Rituelle Mißhandlungen stellen das äußerste Ende des Spektrums an emotionaler, sexueller und körperlicher Mißhandlung dar. Sakheim & Devine sprechen sich dafür aus, Unterschiede je nach Schweregrad der (rit.) Mißhandlung und des Kontexts der rit. Mißhandlung zu machen. Zufälliger, gelegentlicher, bewußter, sanktionierter und religiös motivierte rit. Mißhandlung haben demnach je unterschiedliche Auswirkungen. "Rituelle Mißhandlung" stellt die schwerste Form von Mißhandlung dar, insbesondere in Form wiederholter Traumatisierungen - wie es meist der Fall ist. Der Kontext ließe sich dann z.B. so beschreiben: Die Klientin wurde rituell mißhandelt
  • bei einer Zeremonie eines Satanskults,
  • von einem multidimensionalen Kinderprostitutionsring;
  • von einem psychotischen Verwandten;
  • etc,
Es empfiehlt sich, den Schilderungen der KlientInnen gegenüber sowohl wissenschaftlich-skeptisch als auch therapeutisch-empathisch zu begegnen. Sowohl die Hysterie der Überreaktion zu vermeiden, als auch die Verleugnungsmechanismen, die unweigerlich ausgelöst werden, wenn wir mit solch entsetzlichem Erinnerungsmaterial konfrontiert werden. Sakheim & Devine erinnern daran, daß wir trotz der langen Evolutionsgeschichte zwischenmenschlicher Gewalt und trotz unseres psychologischen Verständnisses der posttraumatischen Streßreaktion dazu neigen, den meisten Opfern nicht zu glauben; ähnlich wie wir es noch vor Jahren vorzogen, den Schilderungen sexueller Mißhandlungen in der Familie keinen Glauben zu schenken. Denn dieses Wissen schmerzt, insbesondere, wenn es darum geht, Überlebende willkürlich ausgeübter sadistischer Folterungen zu begleiten.

Andererseits heißt das nicht, wir sollten jedes Wort der KlientIn für bare Münze nehmen. Denn:

Die Wahrnehmungen eines Menschen, insbesondere eines kleinen Kindes, das gefoltert, verwirrt, unter Drogen gesetzt und terrorisiert wird, werden verzerrt.

Dies ist besonders dann der Fall, wenn eine Überlebende sich Jahrzehnte nach dem Ereignis zum ersten Mal daran zu erinnern versucht.

Die Rolle der TherapeutIn besteht vor allem darin, ggf. festzustellen, daß die posttraumatischen Streßreaktionen der Klientin auf eine Lebensgeschichte verweisen, die exploriert werden sollte, wobei die TherapeutIn die Klientin begleitet. Sie sollte sich auf keine der beiden in der Klientin zwangsläufig vorhandenen Seiten ziehen lassen - weder auf die Seite des "Es muß so und nicht anders gewesen sein", noch auf die des "Das habe ich mir nur ausgedacht". Denn es wird allein die Klientin sein, die zwischen Zweifel und Unsicherheit auf der einen und dem Wahrheitsempfinden auf der anderen Seite sortiert und sich jeweils dafür entscheidet, was sie für wahr hält - wobei dies sich mit der Zeit auch mehrfach ändern kann.

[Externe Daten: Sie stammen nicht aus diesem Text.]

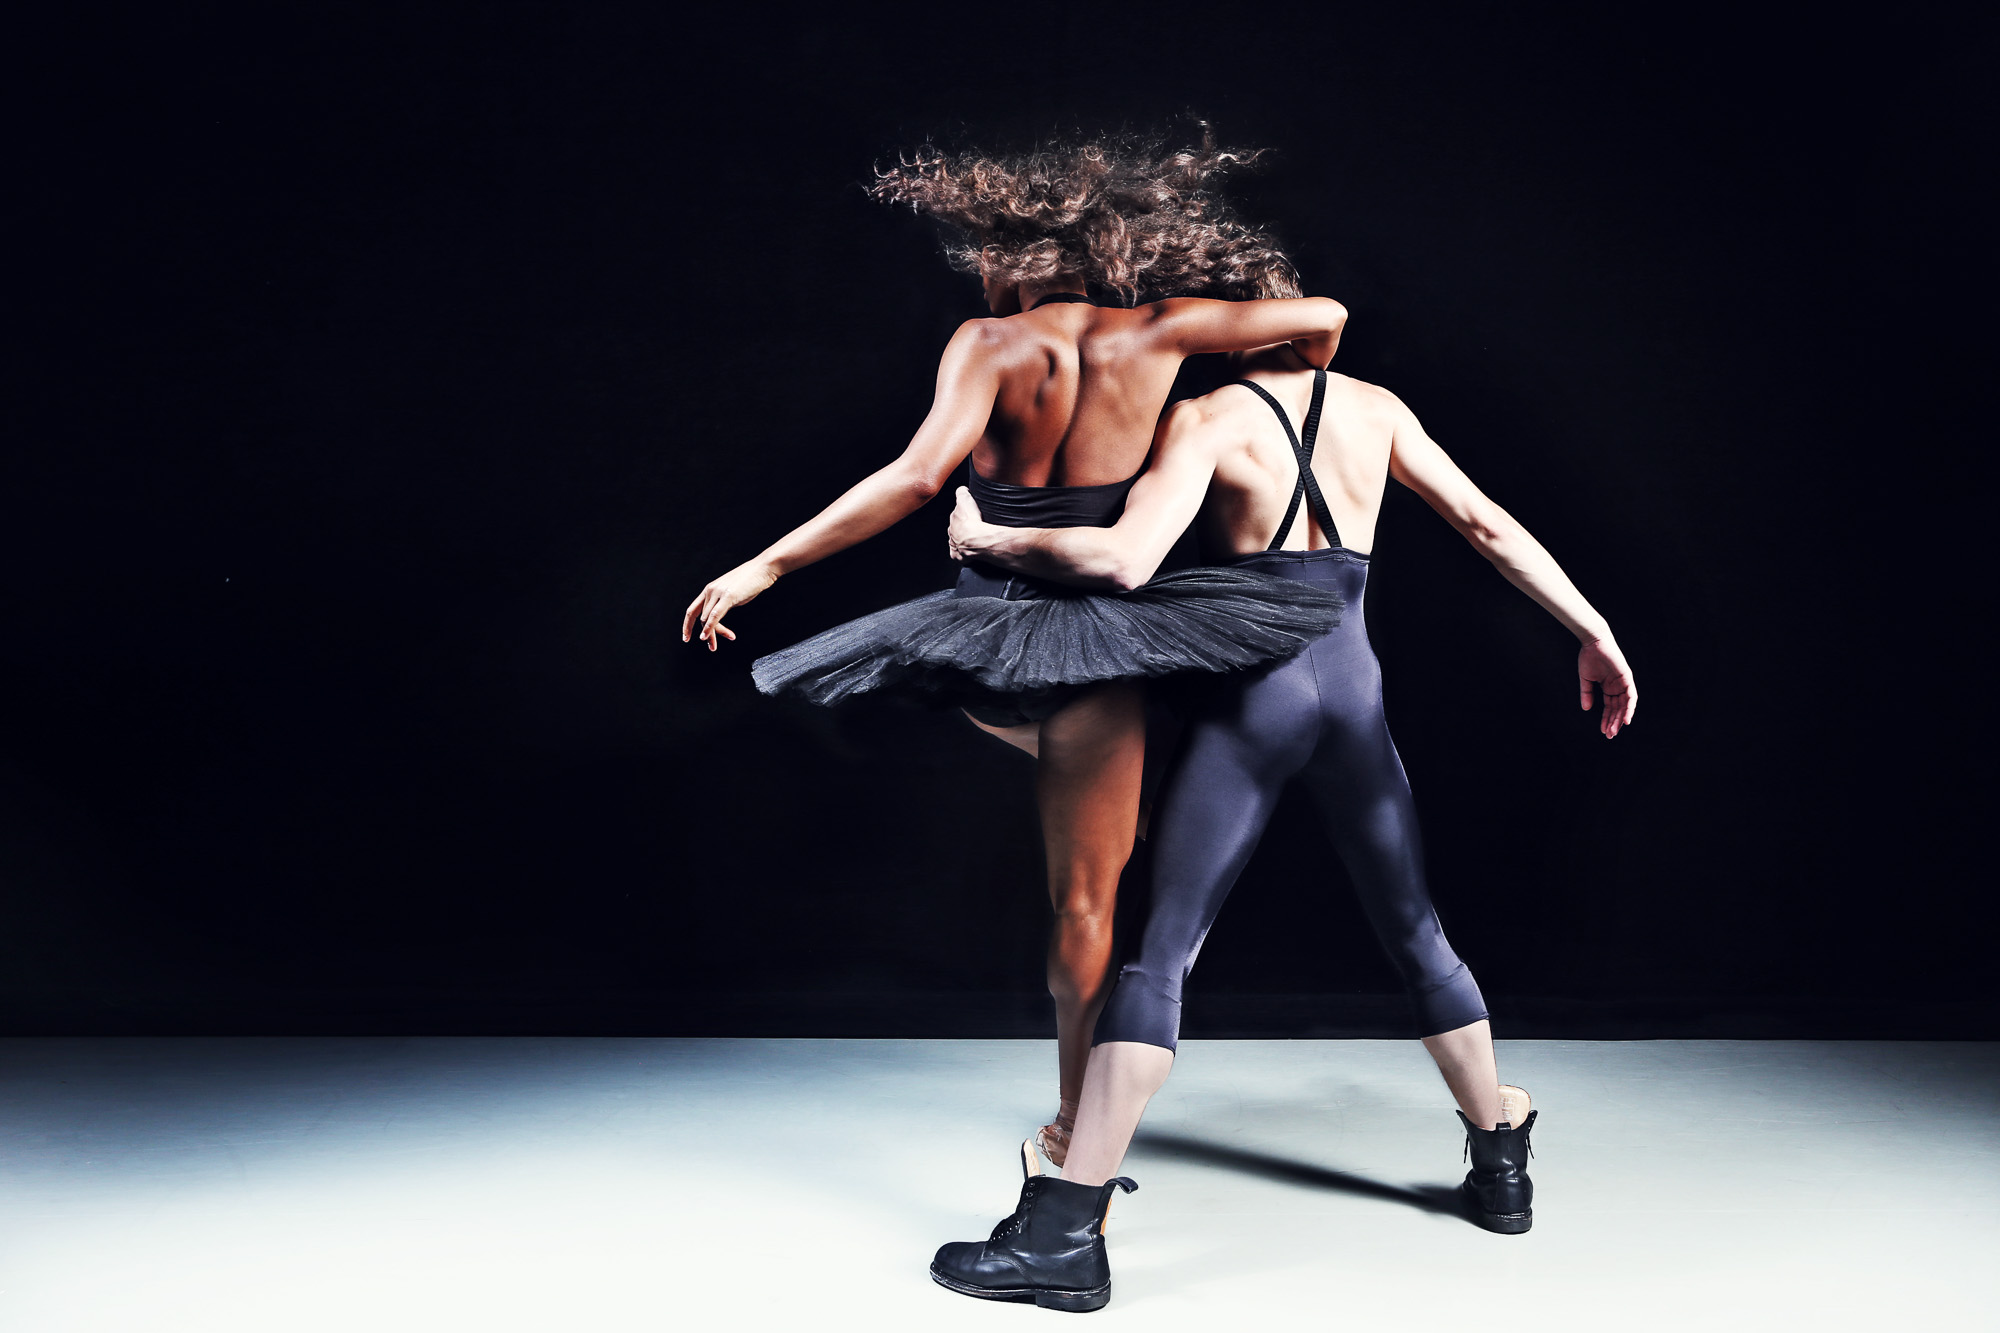 CURTISBROWNPHOTOGRAPHY_DANCE_036.JPG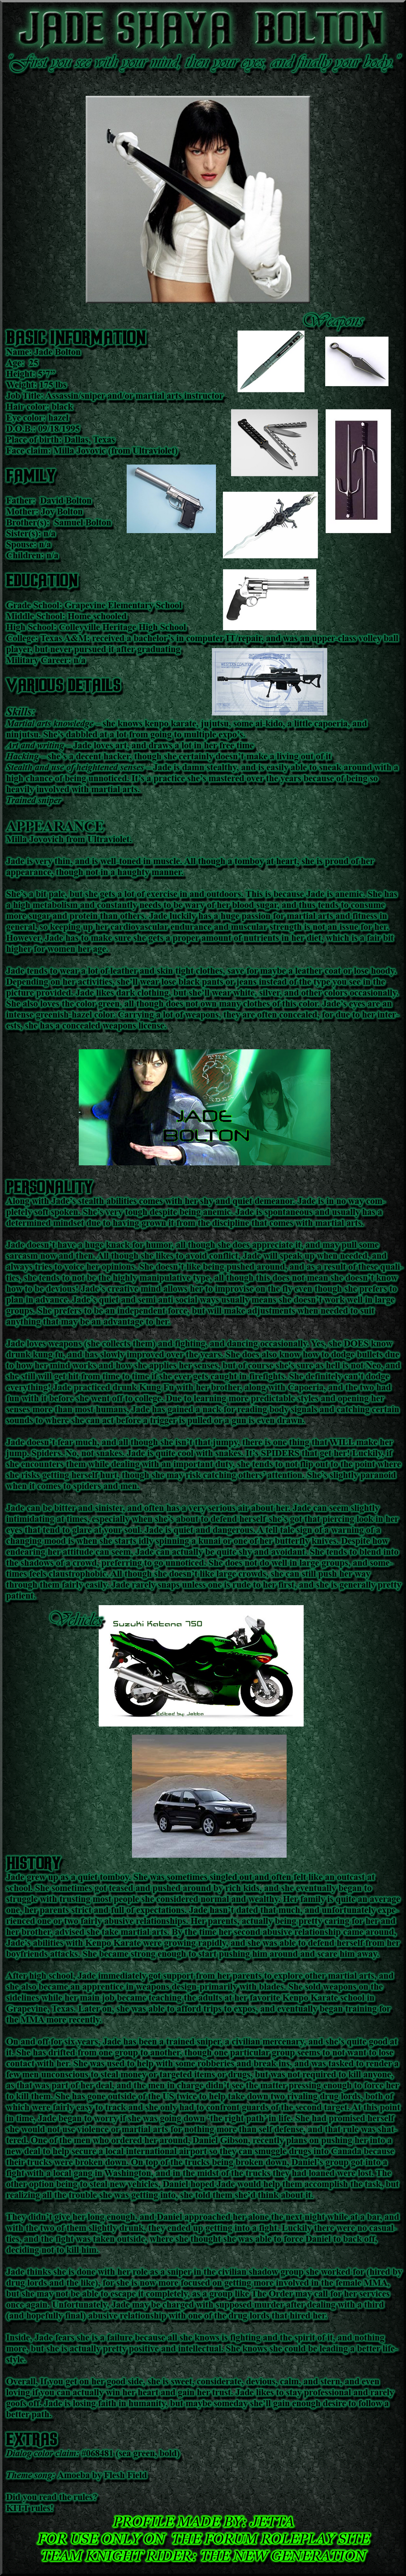 Jade  Bolton bio: TKR version by Jetta-Windstar

Alle Verbrechen, von denen im Zusammenhang mit ritueller Mißhandlung berichtet wird (Kindesmißhandlung, Folter, Infantizid, Kannibalismus, Kinderpornografie, Drogenmißbrauch, Grausamkeiten gegenüber Tieren, Mord) gibt es, wir wissen das. Dennoch ist es vermutlich die Kombination all dieser Untaten, die es den HelferInnen so schwer machen, den KlientInnen Glauben zu schenken. Am besten - so Sakheim & Devine - ist es, wenn TherapeutInnen sich dem Akzeptanzbereich der Skeptizismusskala nähern, sobald sie aus der Phase der Anamnese heraus sind und offensichtliche Lügen sowie eindeutig wahnhafte Störungsformen ausschließen konnten. In der Behandlungsphase ist es wichtig, empathisch zu sein, um die Erfahrungen der Klientin verstehen und ihr bei der Durcharbeitung der mit diesen Erinnerungen verbundenen Gefühle behilflich sein zu können. Selbstverständlich muß die TherapeutIn sorgfältig darauf achten, nicht eine Art von Erinnerungen mehr zu betonen als andere, doch für den Fortschritt der Therapie ist die Genauigkeit der Erinnerung weniger von Bedeutung als ihr emotionaler Gehalt. Erfahrungsgemäß ist die Frage, inwieweit die Erinnerungen zutreffend sind, für die Klientin von weit größerem Interesse als für die TherapeutIn, so daß die Klientin von sich aus nach "Beweisen" für die an ihr begangenen Taten suchen wird.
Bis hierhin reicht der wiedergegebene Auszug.